Fast forward to now, dd is aged 7 and her language skills are above average, but her quirkiness and her social communication is still problematic and her understanding of non-literal language/conversational skills are markedly discrepant, at the first centile. And guess what.... she is being formally assessed for ASD in the summer!

So, the moral of the tale is probably that concerns need to be raised and handled appropriately by teachers and therapists (ie flagged up and referred to the right people) rather than constantly speculating about a diagnosis which is outwith their scope of professional practice (even through they might actually be right). Parents need to be gently nudged in the right direction, because it is a diagnostic journey that can typically take years................

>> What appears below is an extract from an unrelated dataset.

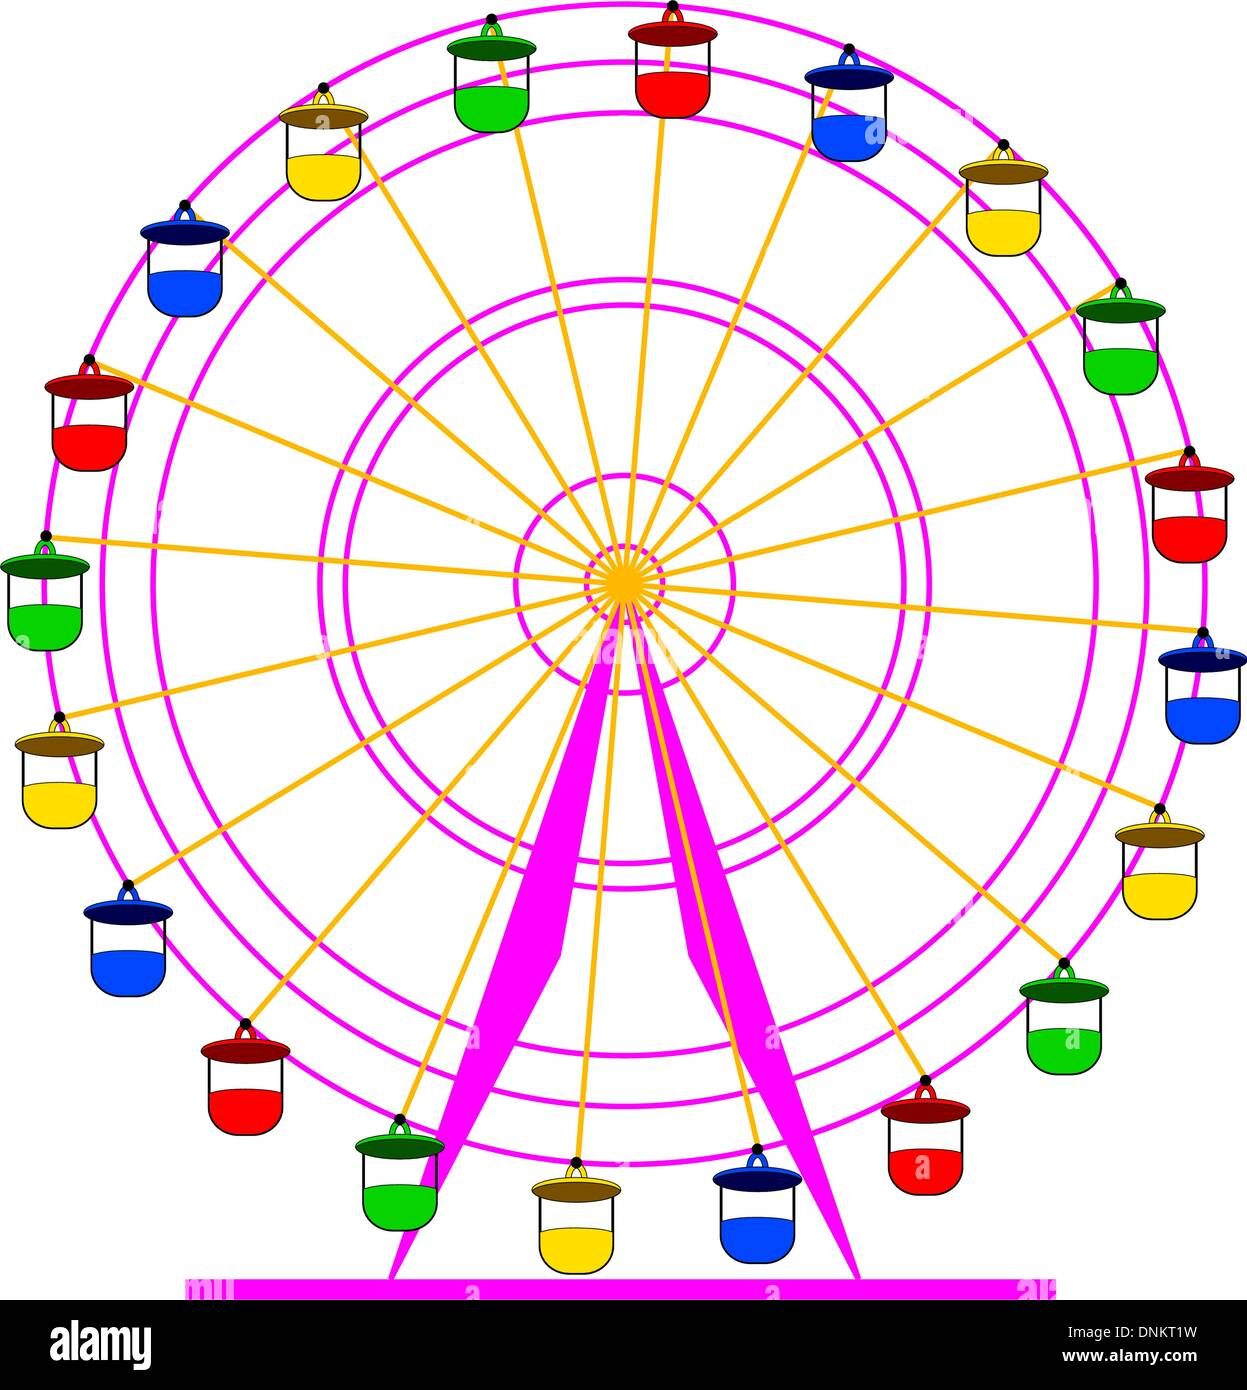 Silueta atraktsion coloridos noria. Ilustración vectorial. Ilustración del Vector

Sorry this is so long. Hug from me.

And btw your dd sounds lovely.

HW x

MummytoMog Sat 03-Nov-12 09:51:21

Thank you so much for your posts. Our first speech therapist spent the whole of Imogen's first appointment (her assessment was done by a different therapist) hinting that there was something desperately wrong with her. It reallly upset me, we very nearly didn't go back at all. We did, just so I could straight out ask her if they thought there was something else playing a factor other than a speech delay, hoping for the answer 'no'. She said yes, but wouldn't be drawn on what. That was a few months ago, and they've been a pretty wretched few months.

ArthurPewty Sat 03-Nov-12 13:08:46

Message withdrawn at poster's request.

Ineedalife Sat 03-Nov-12 13:21:20

You are right mummy, ASD in girls is often missed but your LO is lucky because she has you and you are going to fight for her to get her needs met and get her the support she needs.

When I was in a similar place to you with my Dd3, not knowing whether to persue and diagnosis or not someone on here told me to see a diagnosis as a signpost not a label. The signpost points people in the right direction to support the child and meet their needs.

I think the fact that people are mentioning ASD to you is likey to mean that you have met some people who have a good understanding of what "red flags" for autism are. It doesnt necessarily mean that your Dd has severe autism.

Remember, you are your Dd's best advocate.

Good lucksmile

Tinak1222 Tue 08-Dec-15 23:08:32

We got a formal hyperlexia diagnosis at age 5.my son went through 2 days of educational testing. Yes, the diagnosis is tricky, but our pediatrician and neuropsychologist who confirmed the diagnosis were adamant that he wasn't on the spectrum.

The SALT we saw put him in a social group. That was the best money and effort we ever put forth. They made the kids role play social situations. If something happened at school, I would share it with his SALT and they would role play it with the group. My son learned conversation skills and stopped having meltdowns at school.

My son is now 8. We have not been called in for any additional meetings with teachers other than the standard conferences for the past two years.